2.10.2 Inbox — Channels and Connected Sources
The Inbox aggregates communication from multiple external and internal origins through a unified channel abstraction. A channel represents a technical and semantic bridge between Praisma Hub and an external system, platform, or internal service. Channels normalize inbound and outbound messages into a consistent conversation model while preserving source-specific metadata for traceability, automation, and compliance.
Channel Abstraction Model
Each channel is defined as a first-class entity with explicit configuration, authentication scope, and lifecycle state. Channels are not UI constructs; they are infrastructural objects that govern how data enters and exits the Inbox.
Core properties include:
Channel type (social, email, webhook, internal)
Authentication context and permissions
Message directionality (inbound, outbound, bidirectional)
Activation and suspension state
This abstraction allows heterogeneous sources to behave uniformly at the Inbox level without leaking protocol-specific complexity into conversation handling.
Connected Source Mapping
Incoming events from connected sources are deterministically mapped to conversations and threads. Mapping rules are stable and idempotent to prevent duplication during retries or delayed delivery.
Typical mapping keys include:
External thread or conversation identifiers
Participant or sender identifiers
Channel-specific correlation IDs
Example pseudo-mapping logic:
$conversation = Conversation::firstOrCreate([ 'channel_id' => $channel->id, 'external_reference' => $payload['thread_id'], ]); $conversation->messages()->create([ 'direction' => 'inbound', 'source' => $channel->type, 'payload' => $payload, ]);Authentication and Permissions
Each channel operates under a scoped authentication context. Tokens, secrets, or credentials are stored encrypted and resolved at runtime only when required. Permissions are evaluated at both the channel and action level to ensure that only authorized operations are performed.
Channel permissions govern:
Read access to incoming messages
Write or reply capabilities
Event subscription scope
Example configuration fragment:
{ "channel": "instagram", "permissions": ["messages.read","messages.write"], "status": "active" }Message Normalization
All inbound messages are normalized into a canonical internal schema before persistence. This schema abstracts away protocol differences while retaining raw payloads for audit and debugging.
Normalized fields typically include:
Message body and attachments
Sender identity and role
Timestamps and delivery status
Raw source payload (immutable)
This ensures that downstream features such as analytics, automation, and search operate consistently across channels.
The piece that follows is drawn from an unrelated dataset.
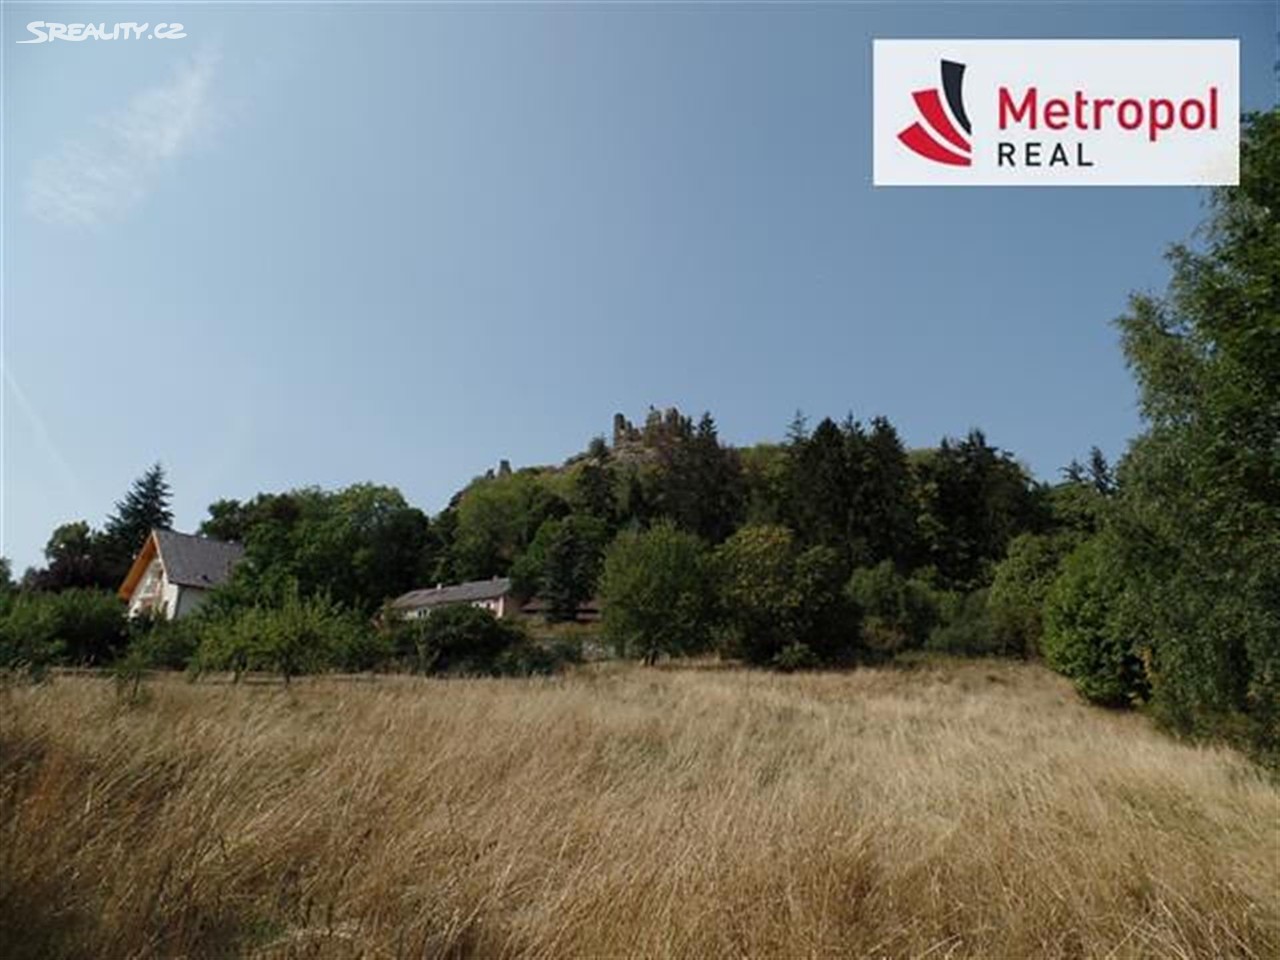 Prodej  stavebního pozemku 4 309 m², Andělská Hora - část obce Andělská Hora, okres Karlovy Vary
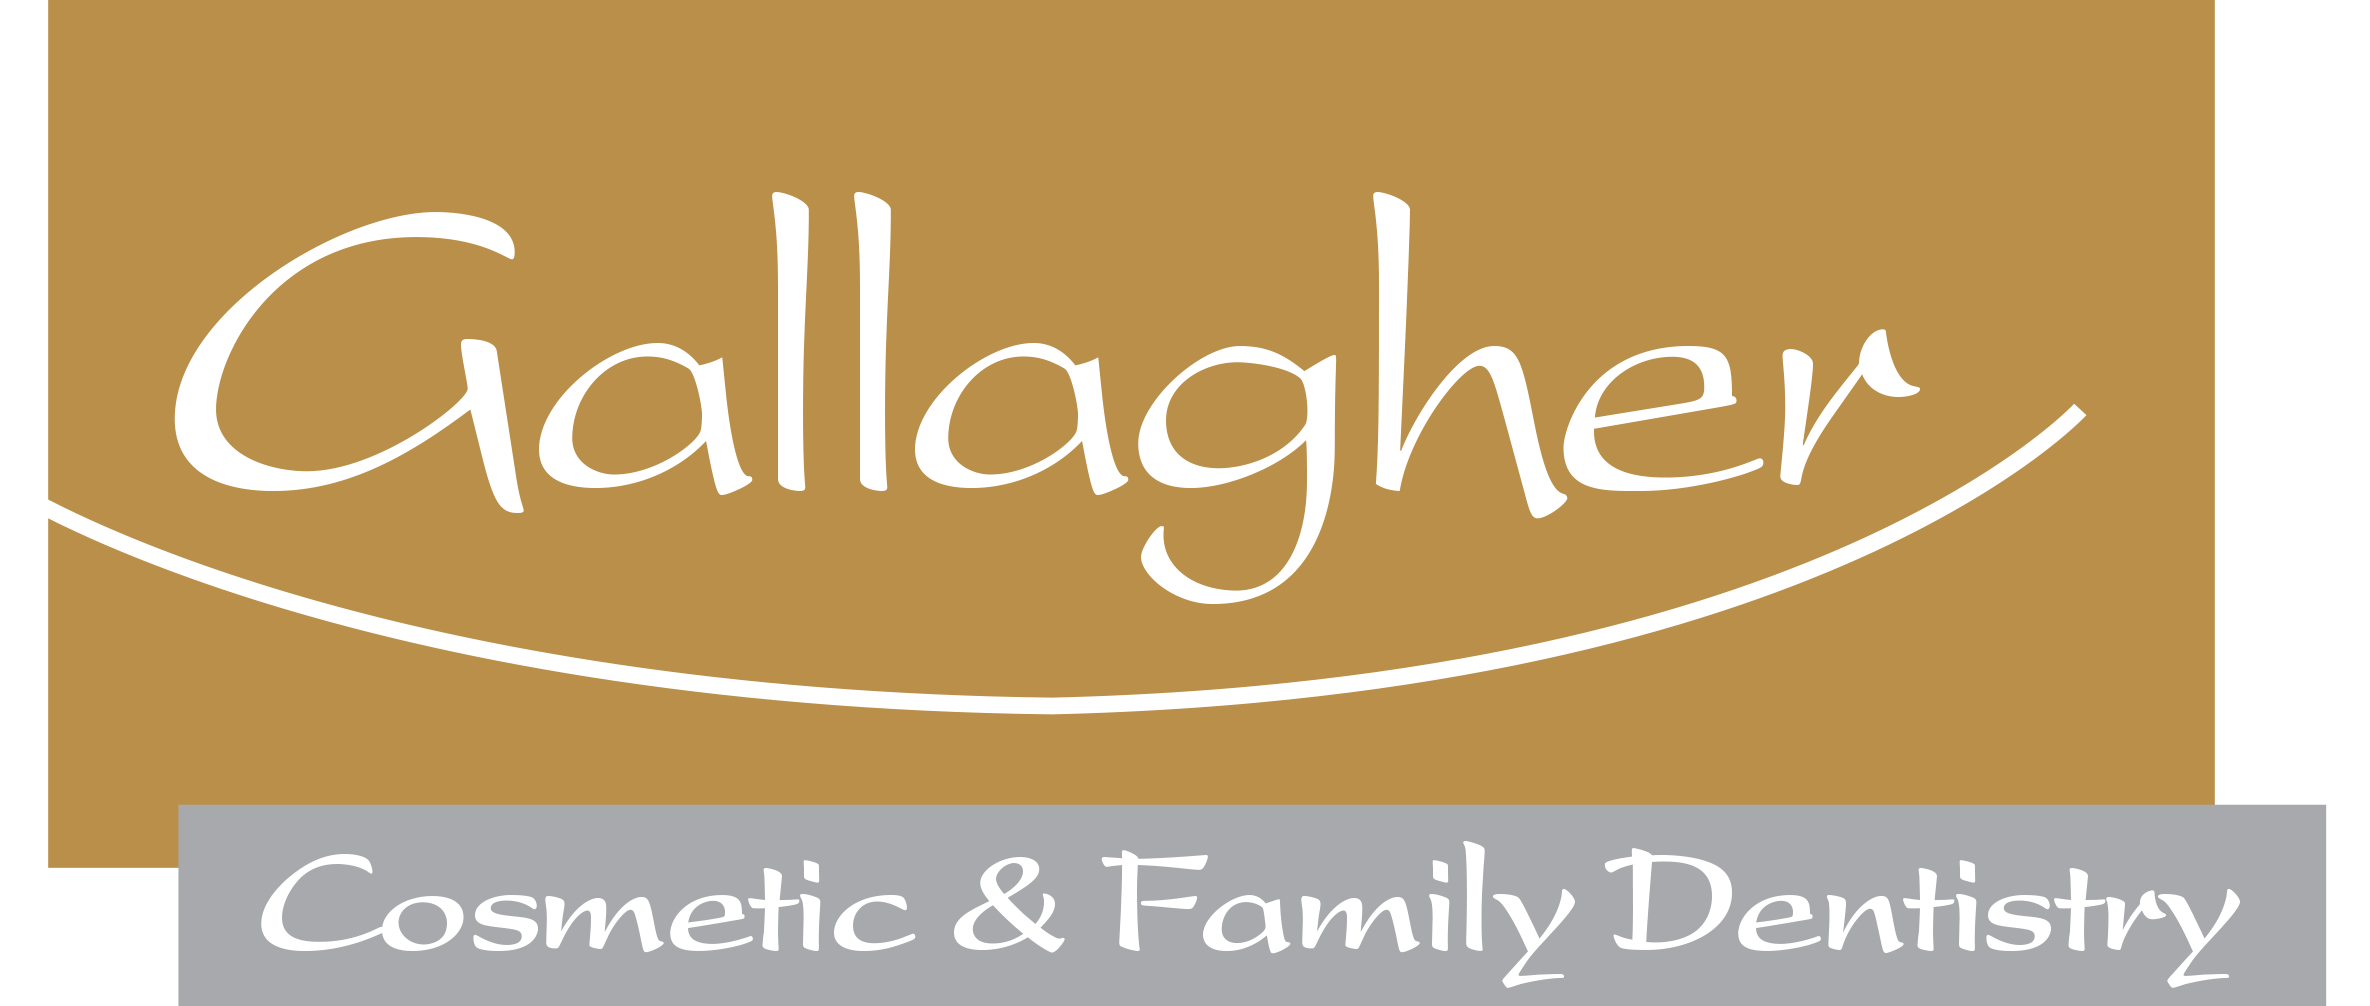 Gallagher Logo - TxCos Logo Crop - Gallagher Cosmetic & Family Dentistry

Reliability, Retries, and Idempotency
Connected channels are designed to tolerate network failures and third-party instability. Inbound processing is idempotent, and outbound delivery supports retries with exponential backoff where applicable.
Key guarantees:
Duplicate events do not create duplicate messages
Temporary failures do not corrupt conversation state
Delivery outcomes are explicitly recorded
Example retry-safe handler:
if ($event->alreadyProcessed()) { return; } $event->markProcessed(); $inboxService->handle($event);Channel Lifecycle Management
Channels can be enabled, disabled, or rotated without impacting existing conversations. Historical data remains accessible even when a channel is disconnected or credentials expire.
Lifecycle actions include:
Credential rotation
Temporary suspension
Permanent disconnection
These actions never delete conversation or message data.
Security and Isolation
All channel operations are tenant-scoped and isolated by design. No channel can read or write data outside its assigned tenant or organization context. Secrets are never exposed to the client layer.